=== INFORMATION PROVIDED ===
Segment Open

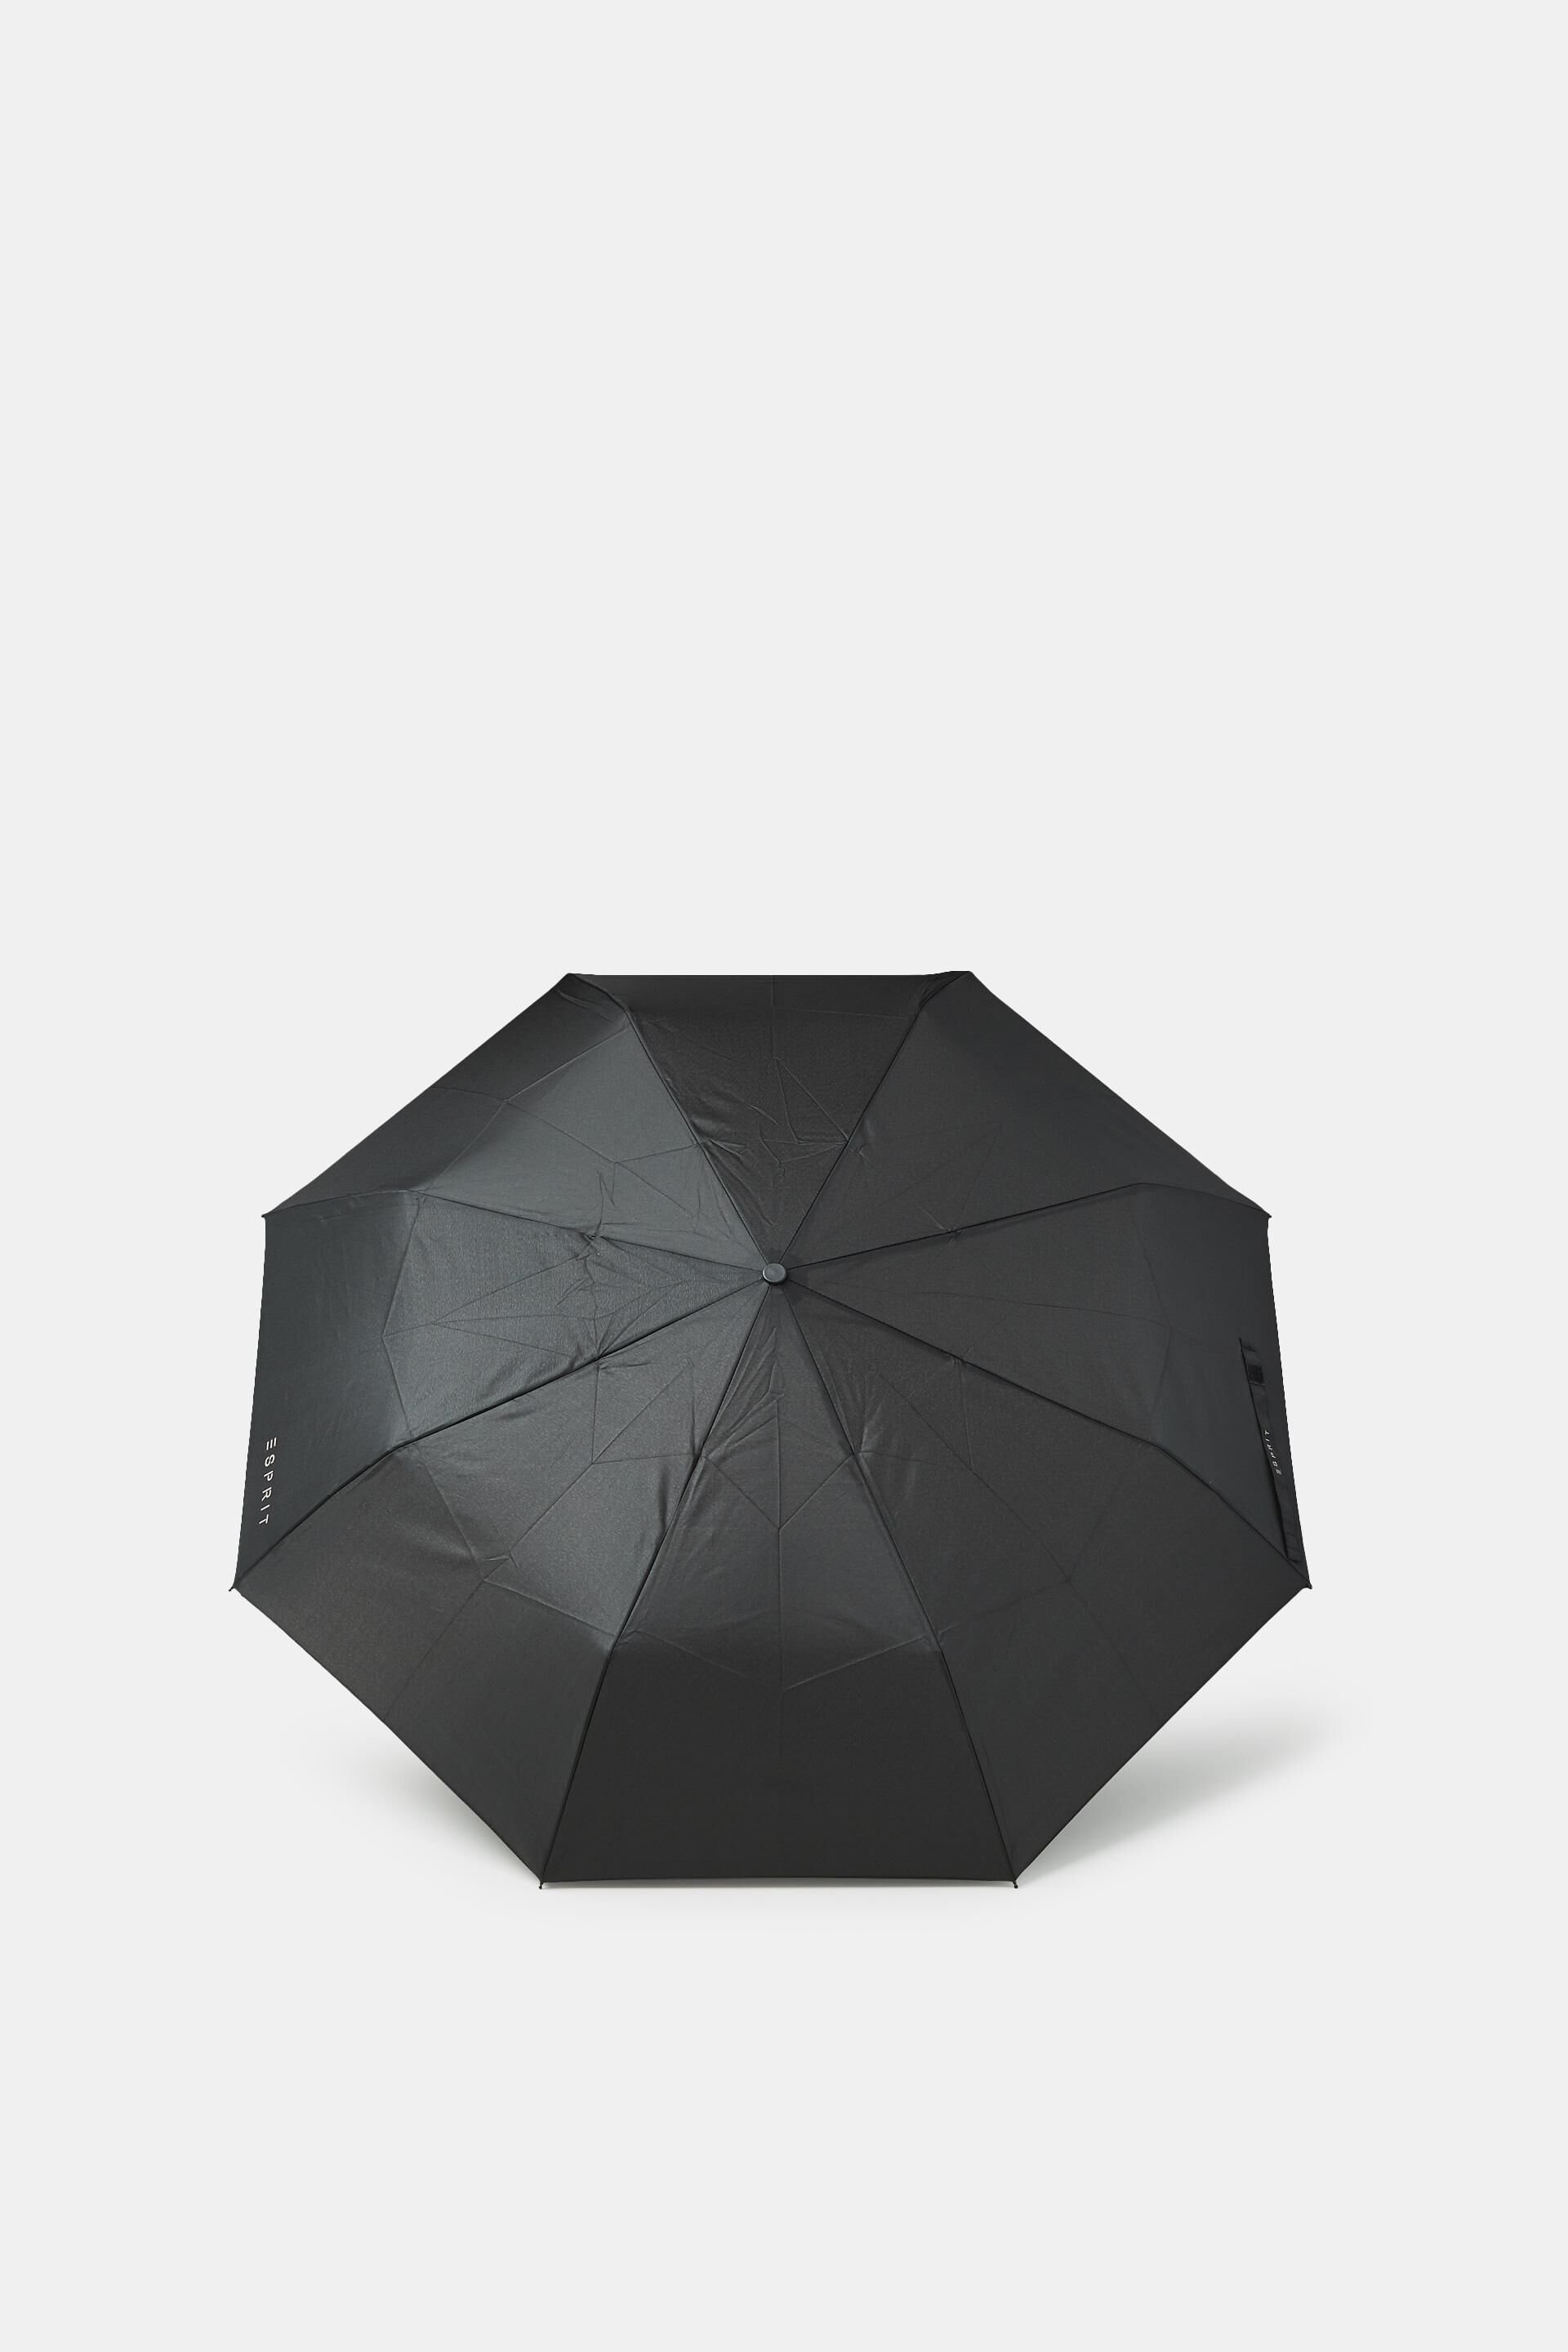 Esprit handle with umbrella Mini pocket a round
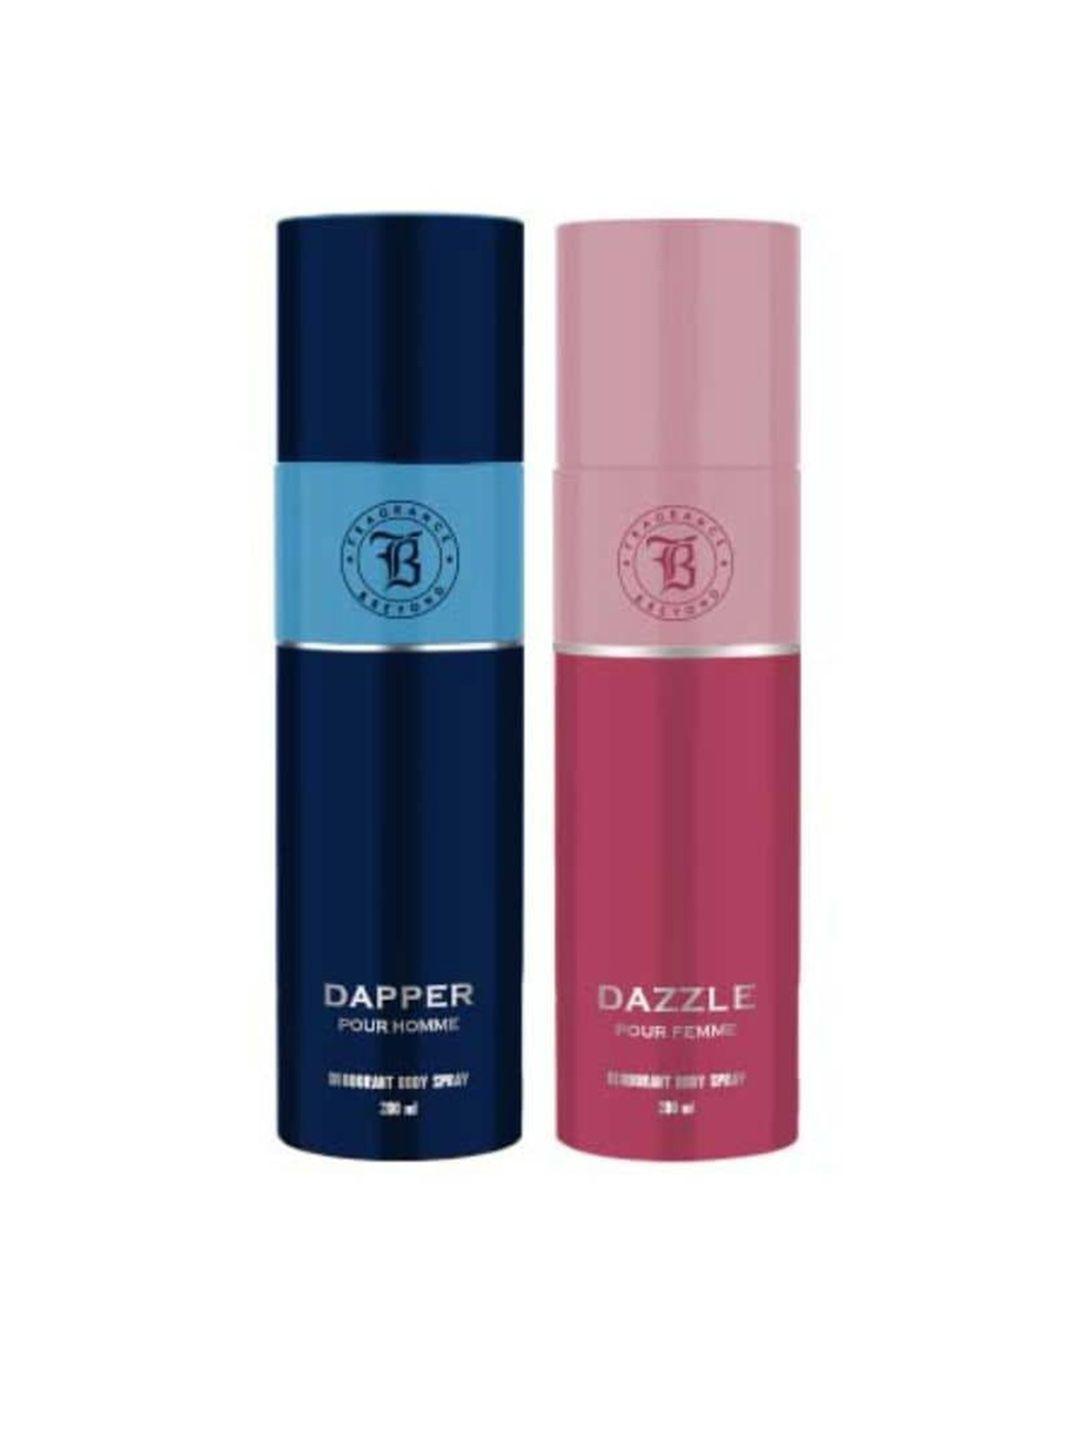 fragrance & beyond set of men dapper & women dazzle deodorant body sprays - 200 ml each
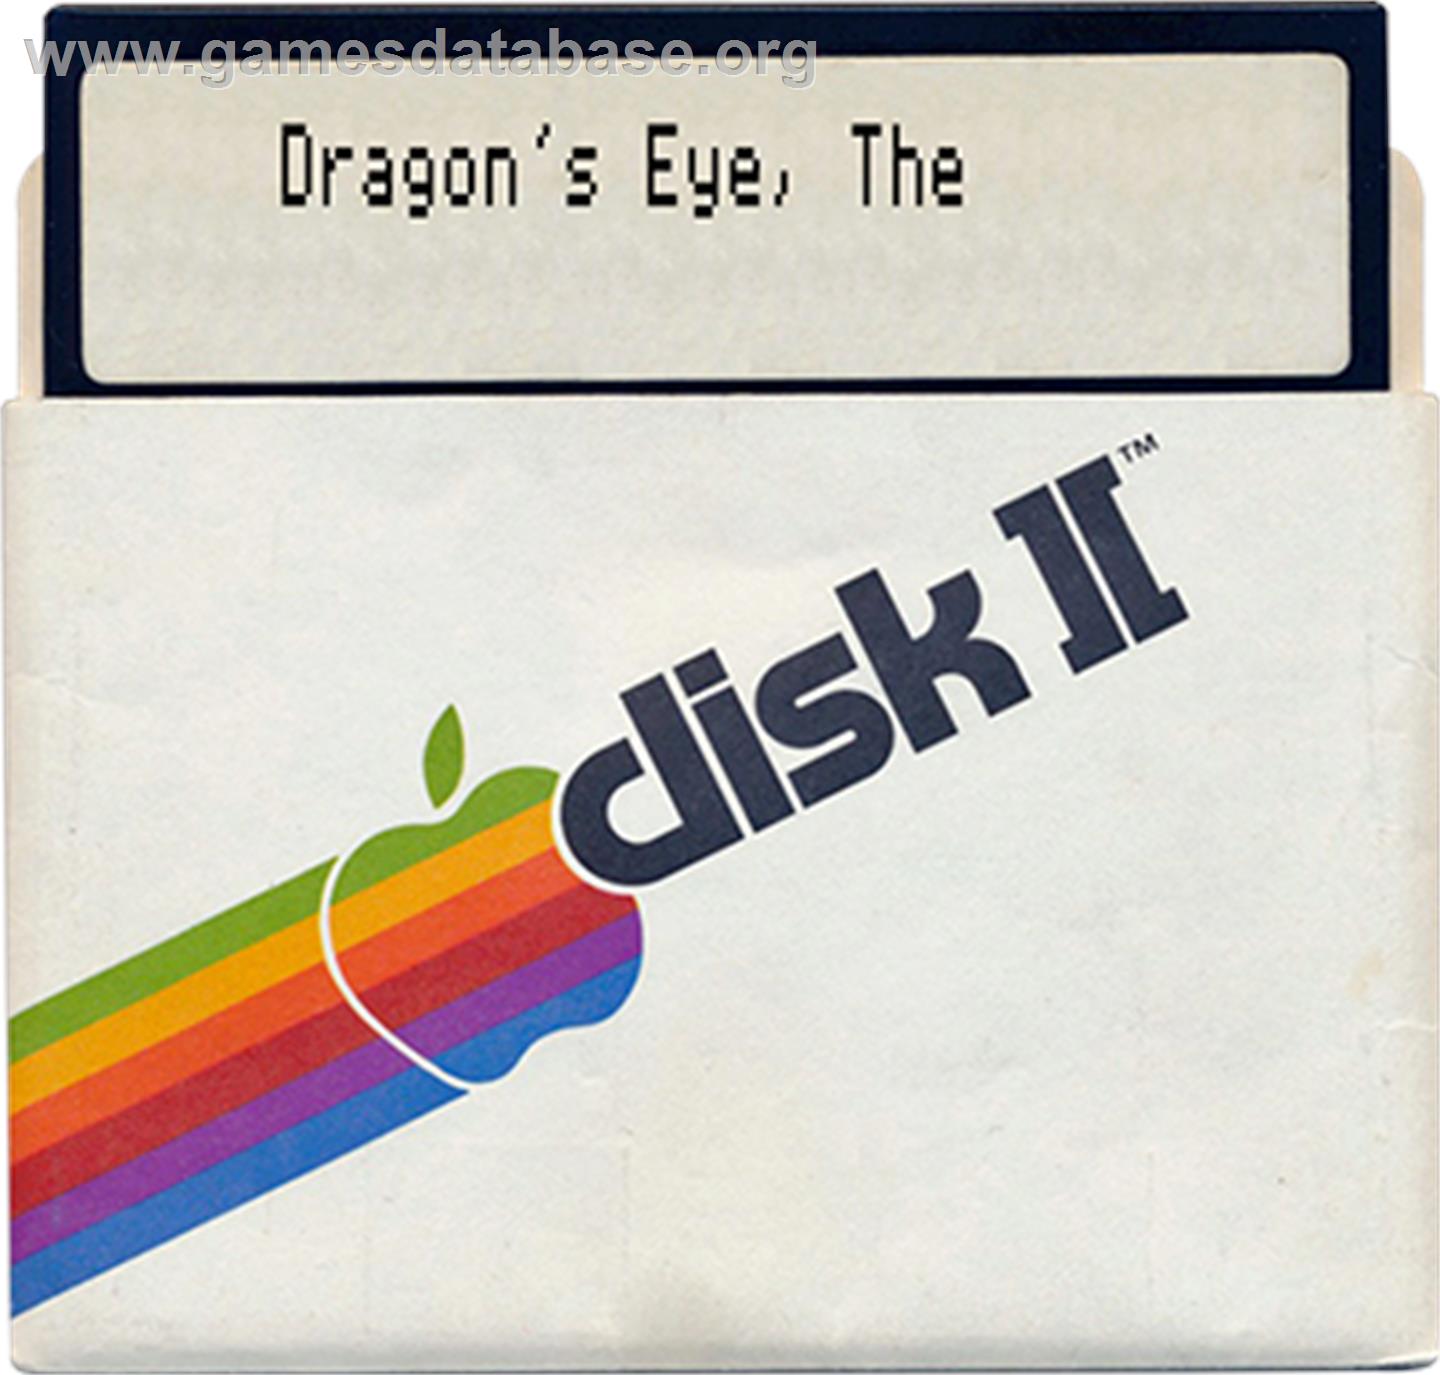 Dragon's Eye - Apple II - Artwork - Disc

Segment Closed

=== TASK BRIEF ===
No picture should be included when the data are set down again exactly.

=== OUTPUT BELOW ===
 Esprit handle with umbrella Mini pocket a round
 fragrance & beyond set of men dapper & women dazzle deodorant body sprays - 200 ml each
 Dragon's Eye - Apple II - Artwork - Disc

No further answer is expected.